Homeowners at odd with their insurers

Victims of Hurricane Katrina are at odds with their insurance companies, who claim most of the damage was caused by flooding and is not covered by their homeowners' policies. NBC's Anne Thompson reports.

On Moonraker Drive in devastated Slidell, homeowners lives are at the curb and their tempers are short as insurance adjusters classify the vast majority of losses as flood damage — not hurricane or wind damage.

“Got 145-mile per hour winds pushing water off the lake knocking all those camps down into my house,” says Slidell resident Steve Scholl, “and you are gonna call that flood? What came first, the chicken or the egg?”
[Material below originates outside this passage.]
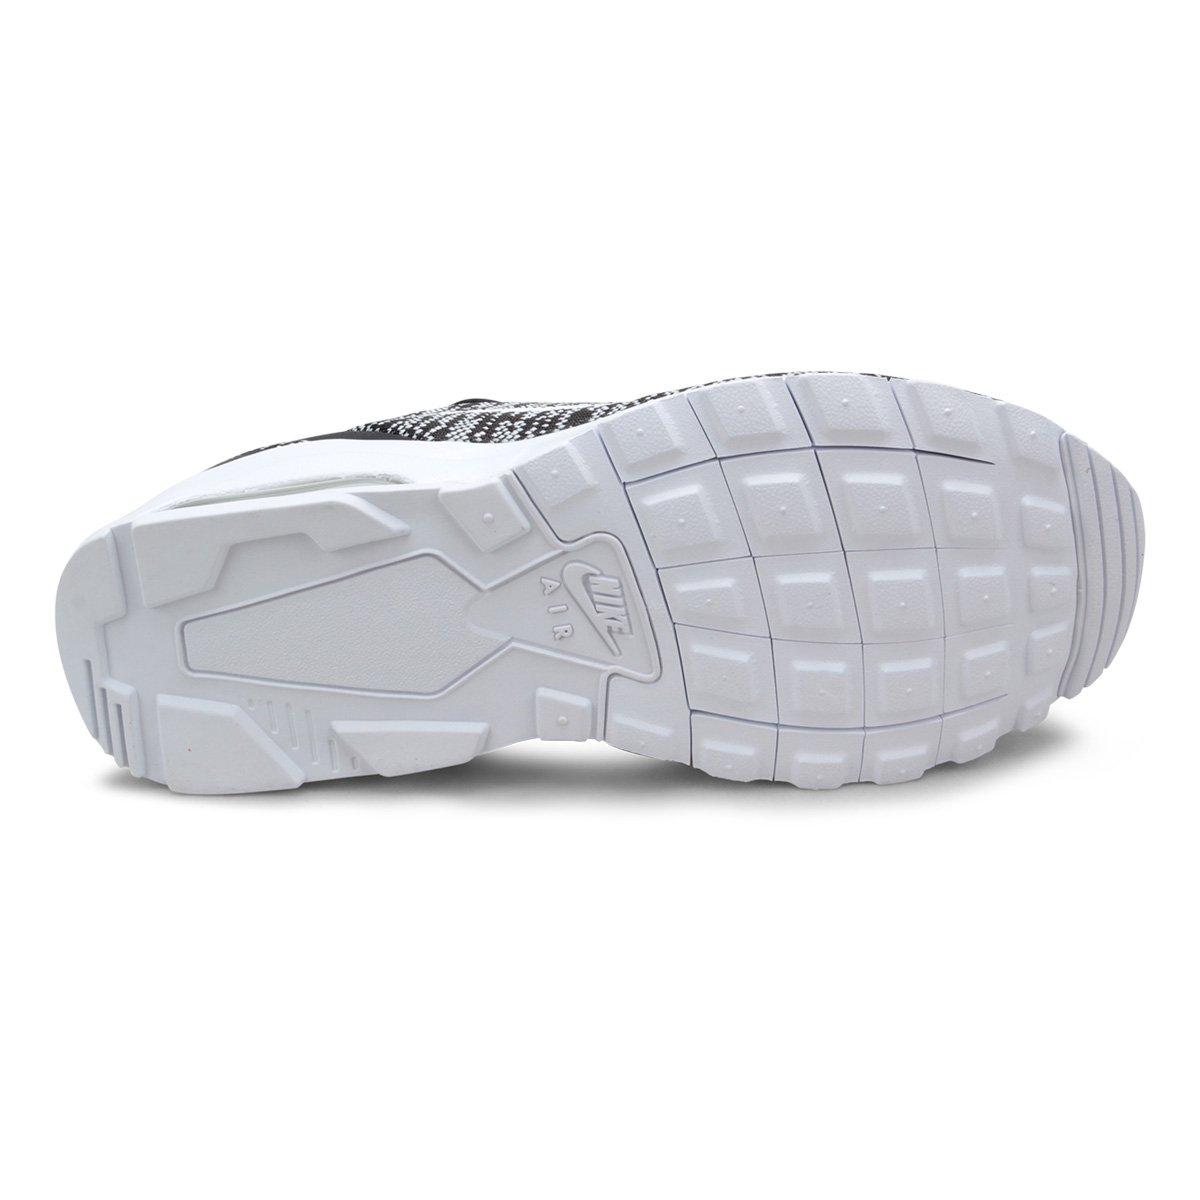 Tênis Nike Air Max Motion Racer Masculino - Branco e Preto - Compre ... 546c3c815c7da

Generally, flood damage is not covered by homeowners' policies. Instead, you must have flood insurance — a federal program that covers only up to $250,000 in damage, no matter how extensive the destruction.

The storm surge from Lake Pontchartrain, whipped up by Katrina, put a neighbor's hot tub and boat in Warren Willoz's back yard. He hopes his $150,000 flood policy covers the damage done to his $275,000 house. But already there are issues.

“They said they'll only cover the bottom cabinets but not the top,” says Willoz, “because the water didn't get up high enough to damage the top.”

Such frustrations echo along the Gulf Coast.

Mississippi Attorney General Jim Hood and several private attorneys are suing several insurance companies including State Farm and Allstate to force them to pick up more of the tab.

The industry blasts those suits as politics, arguing the federal government stepped in decades ago because such potentially huge losses were too expensive for private insurers to cover.

“When you write a fire insurance policy,” explains Joseph Annotti with the Property Casualty Insurers Association of America, “you don’t expect the entire city to burn down in a day. Flood has potential catastrophic losses.”

But whether it's politics or policy, for these homeowners, any shortfall is too painful.

It's the aftershock Willoz didn't expect. “This is too hard to go through,” he says.

And yet, Willoz is one of the lucky ones — one of the just 46 percent of homeowners in the New Orleans area who have some flood insurance.